Service Entity Identifiers
In a service oriented architecture, different parts of the system domain are managed by different services. A Order Service may manage orders and order items, whilst a Customer Service manages information about customers. To indicate that an order is for a particular customer the Order Service would store an identifier for the customer with orders for that customer.
I refer to an identitifer for an entity in a service, such as a customer as a "Service Entity Identifer". This could be anything that uniquely identifies the entity such the database primary key, a string or a random string. What makes a good identifier for an entity? Of course, it depends - however there are some characteristics which I have found useful.
Universal Uniqueness
If the identifier is unique across all services in a system, (or even across all systems) it is impossible to accidently use the wrong identifier with the wrong service.
Distributed Generation
Identifiers which can be generated independently, without reliance on a central authority make it easier to provide replication, offline support, synchronisation and horizontal scaling.
Service Identification
Embedding the service name in the identifier makes it self describing. This simplifies joining data across sercices in data warehouses for analysis. With this characteristic we can eaily handle scenarios where we want to reference an entity which could be managed by different services. For example, an order which may relate to a corporate customer or a retail customer which are managed by different services. We can store the identifer in the same order field an will know which service to contact to retrieve the customer information as this is part of the identifier.
Sortable
Sorting using a non key column in NoSQL databases can be expensive, although many of these databases do sort entities based on their primary key. Having an identifier which encodes a timestamp gives us sorting of records by timestamp for free. This characteristic is not be desirable in situations we do not want to allow consumers to see a timestamp. If entity identifiers are public, using an identifier which encodes a timestamp would expose this information and should be avoided.
Implementations
There are existing technologies and techniques, which can be used to provide some or all of these characteristics.
UUID
A UUID is a Universal Unique Identifier which is unique across all identifiers that are generated. Strictly speaking there is a very small probability that the same identifer could be generated more than once, but this can be ignored for most use cases.

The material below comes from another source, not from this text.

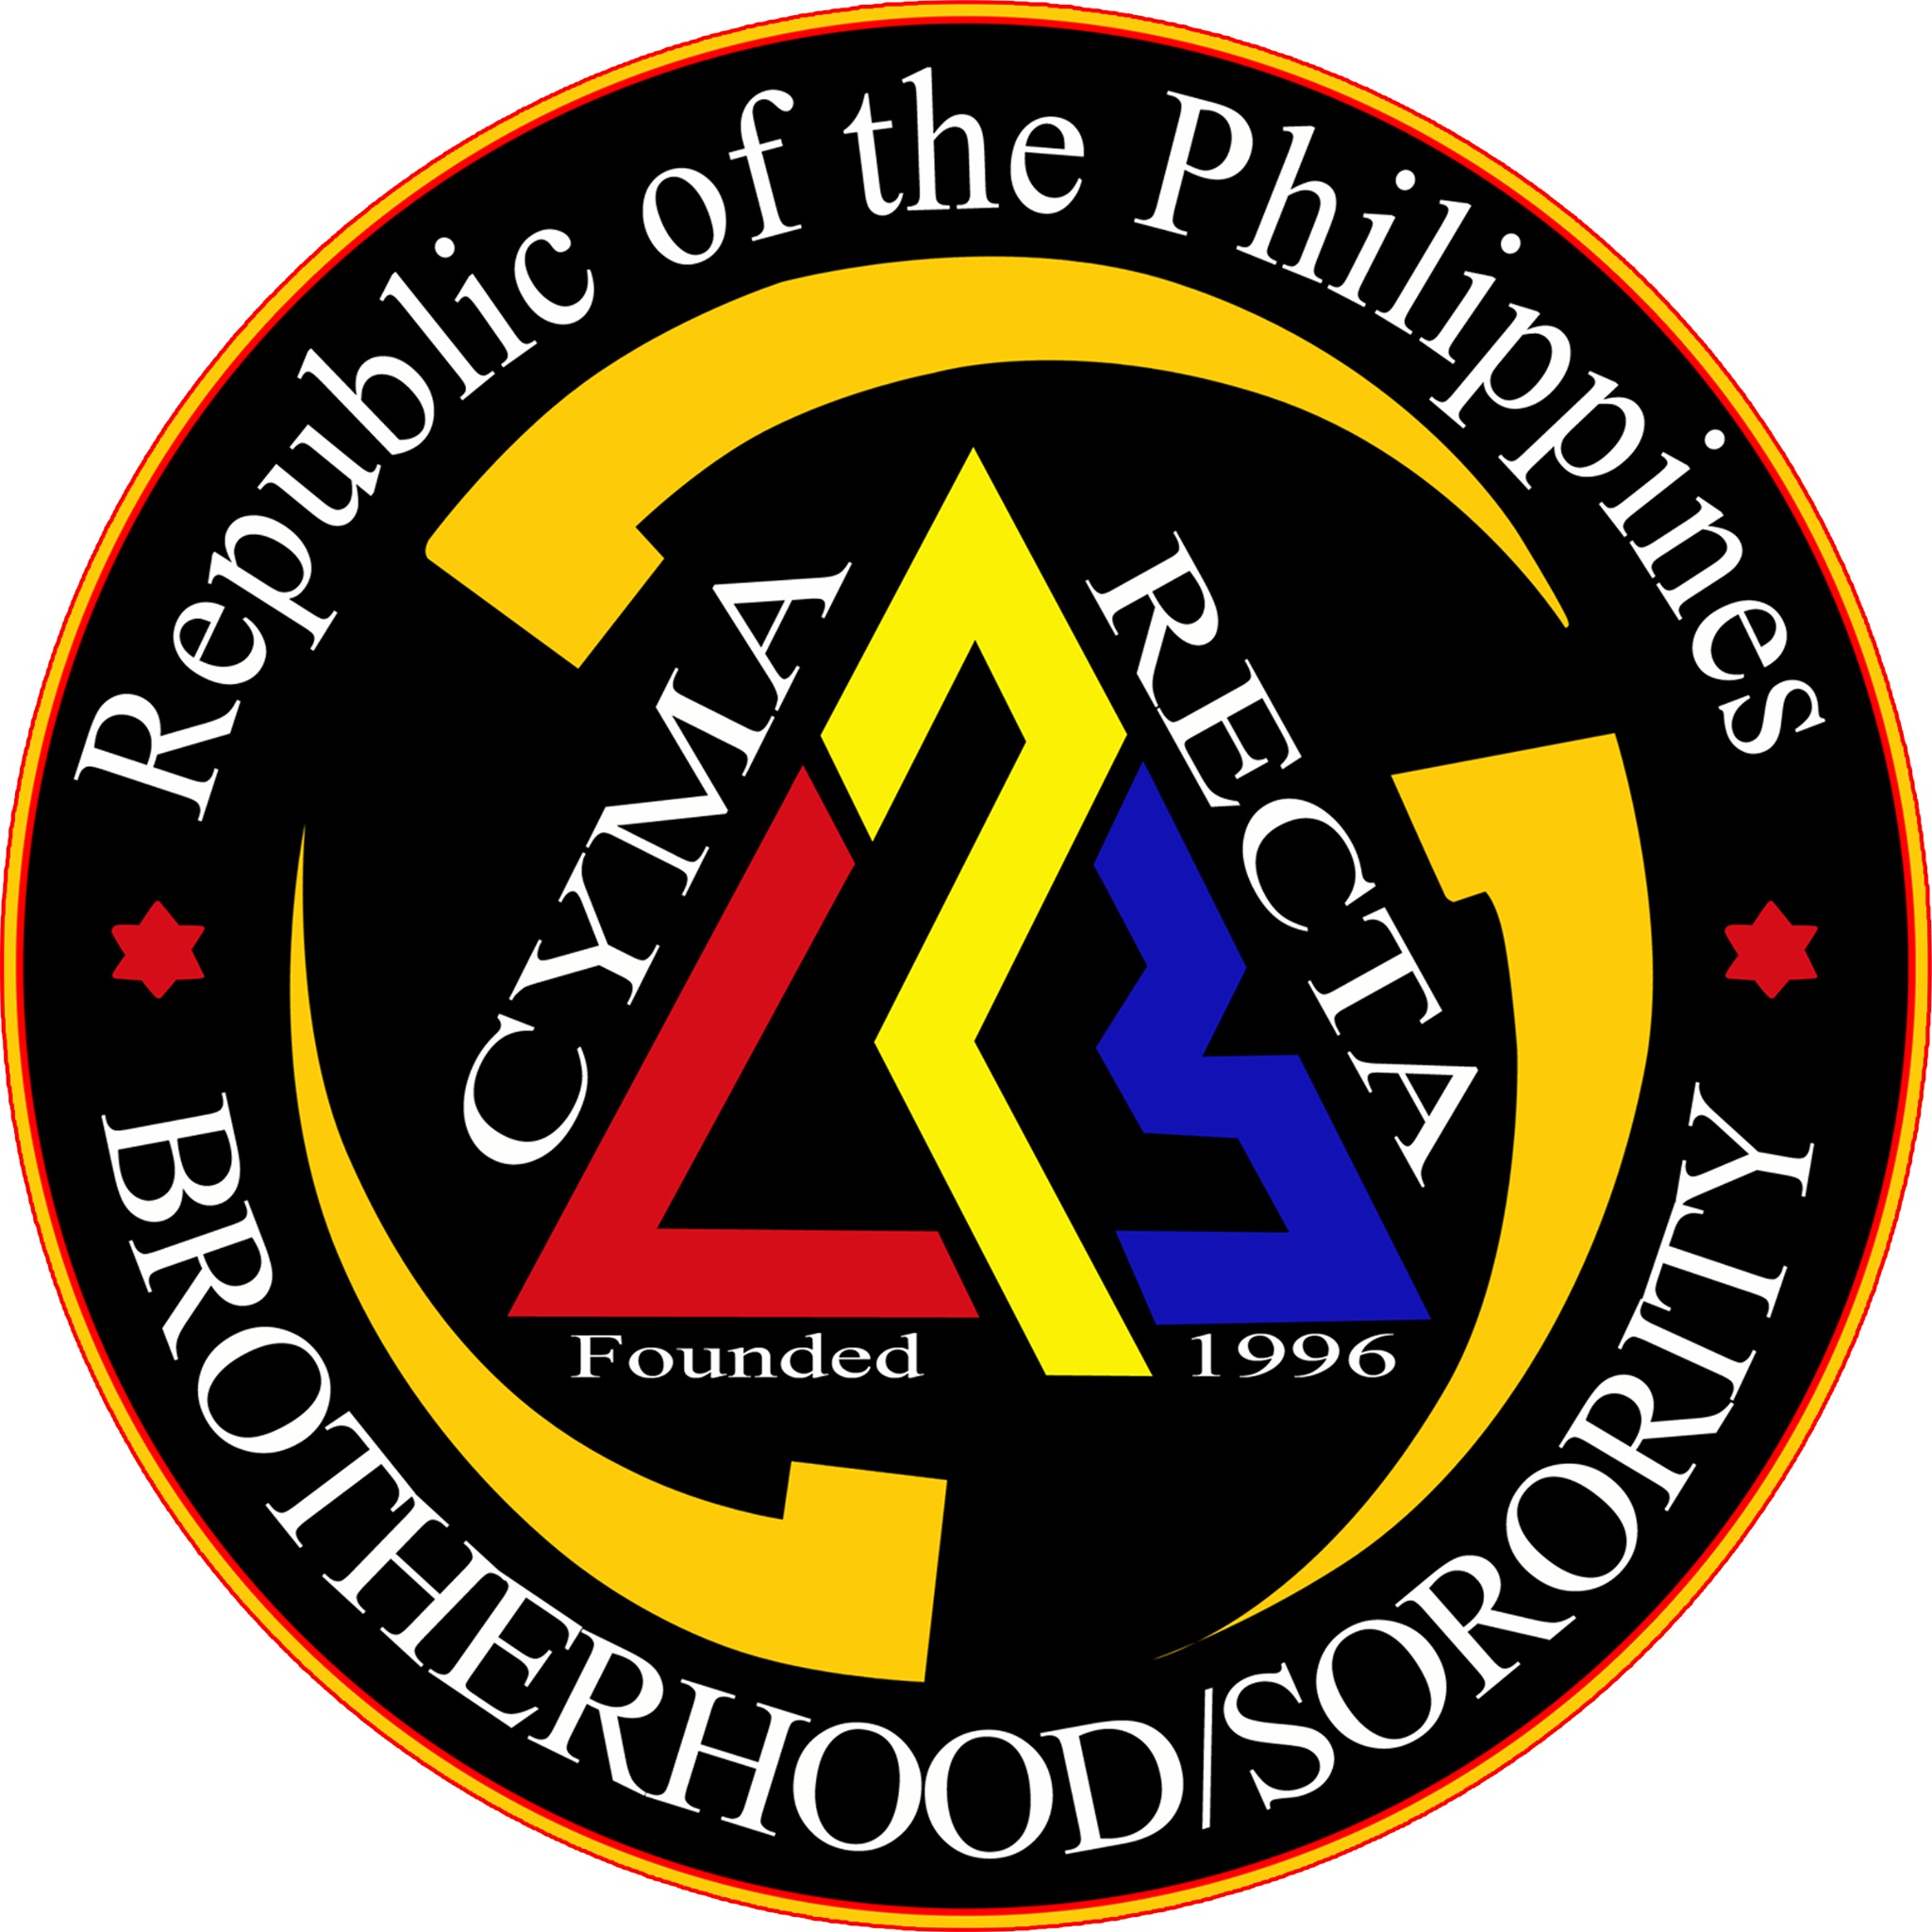 Lutheran Brotherhood Logo PNG Transparent & SVG Vector - Freebie Supply

Some versions of UUIDs achieve this by encoding data such as the network MAC address and should normally be avoided due to privacy concerns. v4 UUIDs are generated using a random number generator and allow identifiers to be created without a central authority.
UUIDs are 128 bits, and are usually encoded in a hex format - for example d87c43ef-e2a0-42f9-9948-ae81a7cdbcd4
. Libraries to generate and handle UUIDs are widely available.
As UUIDs are random by design, they are not sortable and do not encode any service information.
ULID
A ULID is a Universally Unique Lexicographically Sortable Identifier and is similar to UUIDs in that it is also 128 bits. ULIDs differ in that the first 48 bits are a timestamp with millisecond resolution, with the remaining 80 bits being random. ULIDs are encoded are 26 character strings using Crockford's base32 encoding. These identifier sort Lexicographically based on the timestamp component. An example of a ULID is 01ARZ3NDEKTSV4RRFFQ69G5FAV
Although these identifiers have less randomness, the probability of the same identifier being generated is similar to UUIDs such that it can be ignored for most use cases.
URI
A URI is a Uniform Resource Identifier, which is a string with the following format:
scheme:[//authority]path[?query][#fragment]
URLs such as https://mark.smithson.me/index.html
are a type of URI, as are mail links such as mailto:mark@smithson.me
.
Combining a ULID with a URI, provies all the characteristics outlined above.
For example esi://customer/01ARZ3NDEKTSV4RRFFQ69G5FAV
. In this URI, the scheme esi
represents an Entity Service Identifier and specifies the service name customer
as the authority. The path 01ARZ3NDEKTSV4RRFFQ69G5FAV
is the ULID identifier of the entity within the service. With this URI and knowledge of the services in our system, we could retrieve information about the entity it identifies.
In larger systems a library or service can be created which knows how to resolve these URIs, perhaps making use of a registry of services.
A downside of this approach is that the identifiers are quite long, and will consume more storage space, and network bandwidth.
I have found that making the Entity Service Identifiers do more helps to make service oriented systems more understandable and flexible. It makes implementing distributed use cases easier and protects us against our own stupidity.
(Yes, I have spend far to long trying to find objects in the wrong service!)